26. One of the main benefits to be gained from the increased work for the parties (and the court) in undertaking the detailed costs management exercise at the outset of the case is the fact that, at its conclusion, there will be a large amount of certainty as to what the likely costs recovery will be. One consequence is that, for the purposes of calculating the interim payment on account of costs, the starting point will almost always be the payee's approved costs budget. Another consequence is that the court assessing the interim payment can ignore the fact that, as here, there may have been significant expenditure on costs by the payee above the budget figure: any increase is a matter for the costs judge and the relatively onerous burden of recovering more than the budget figure is on the payee: see Elvanite Full Circle Ltd v AMEC Earth & Environmental (UK) Ltd (No 2) [2013] EWHC 1643 (TCC).
27. So when making an interim payment on account of costs in a case with an approved costs budget, the days of the educated guesswork identified by Jacob J in Mars UK Limited v TeKnowledge Limited [1999] 2 Costs LR 44 are now gone. Instead the court can be confident that there is a figure for costs which, because it has already been approved, is both reasonable and proportionate."
"…in the context of considering an interim payment on account of costs, Coulson J in terms said that the significance of CPR r. 3.18 "cannot be understated" and meant that, where costs are assessed, the costs judge "will start with the figure in the approved costs budget". He roundly rejected the argument of the paying party that detailed assessment will "start from scratch". I agree with those observations of Coulson J".

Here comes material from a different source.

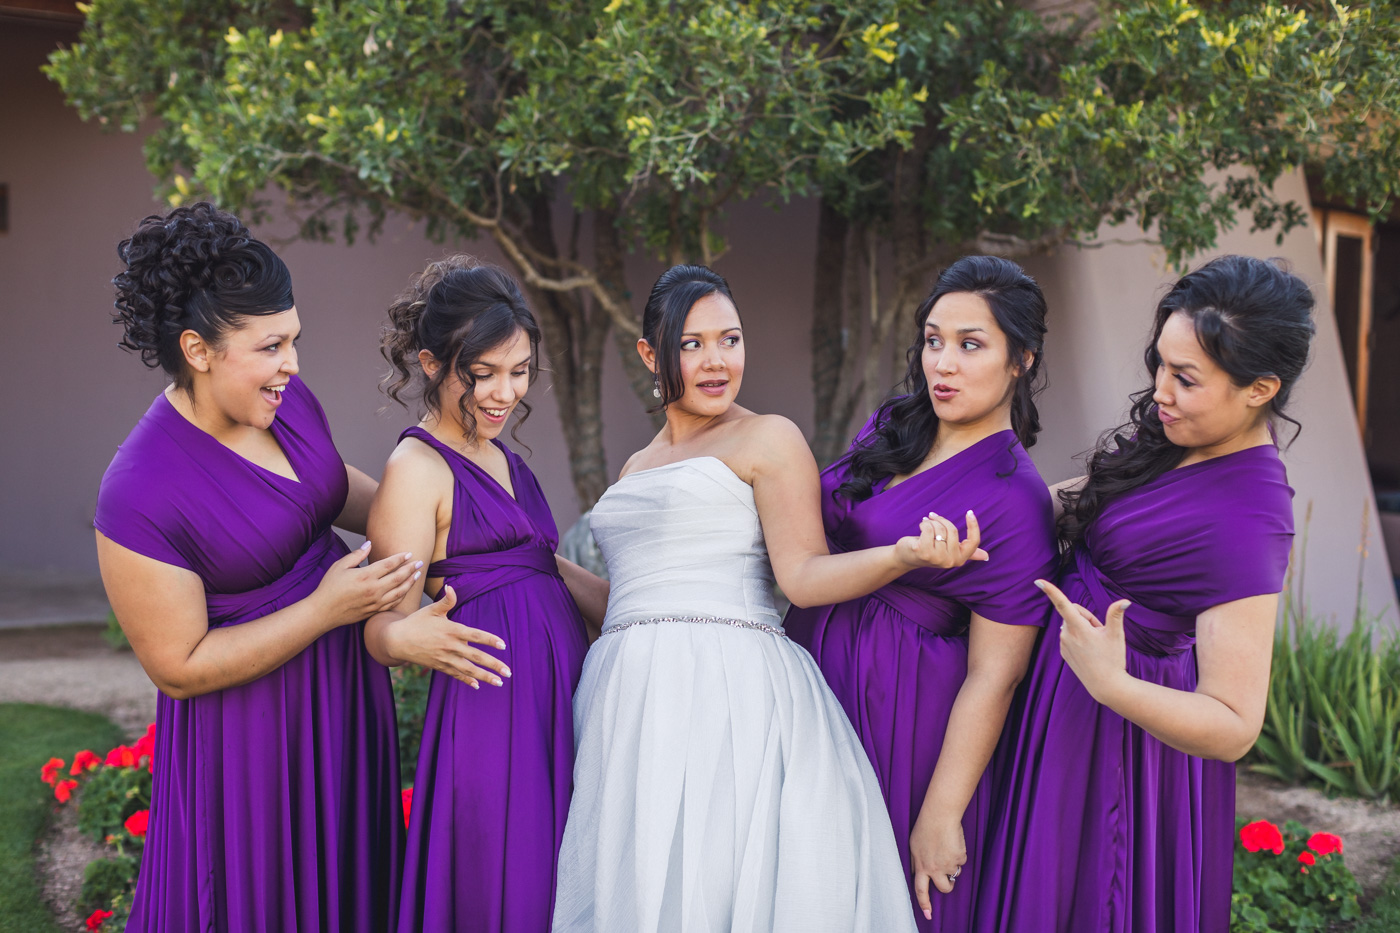 bride-and-bridesmaids-checking-each-other-out

"46. …On the contrary the focus of a judge making a CMO is on estimating the costs reasonably and proportionately to be incurred in the future: as the opening words of CPR r 3.15(1) make clear. In undertaking this exercise the court may have regard to costs stated already to have been incurred: and that may in turn impact on its assessment of what may be reasonable or proportionate for the future. But paragraph 7.4 of Practice Direction 3E is quite specific: as part of the costs management process the court may not approve costs incurred before the date of the budget costs management conference. What it can do is record in the CMO its comments (if any) on such costs: which are then to be taken into account when considering reasonableness and proportionality: a direction now enshrined in the amended CPR r 3.15(4) and CPR r 3.18(c) with effect from 1 April 2017.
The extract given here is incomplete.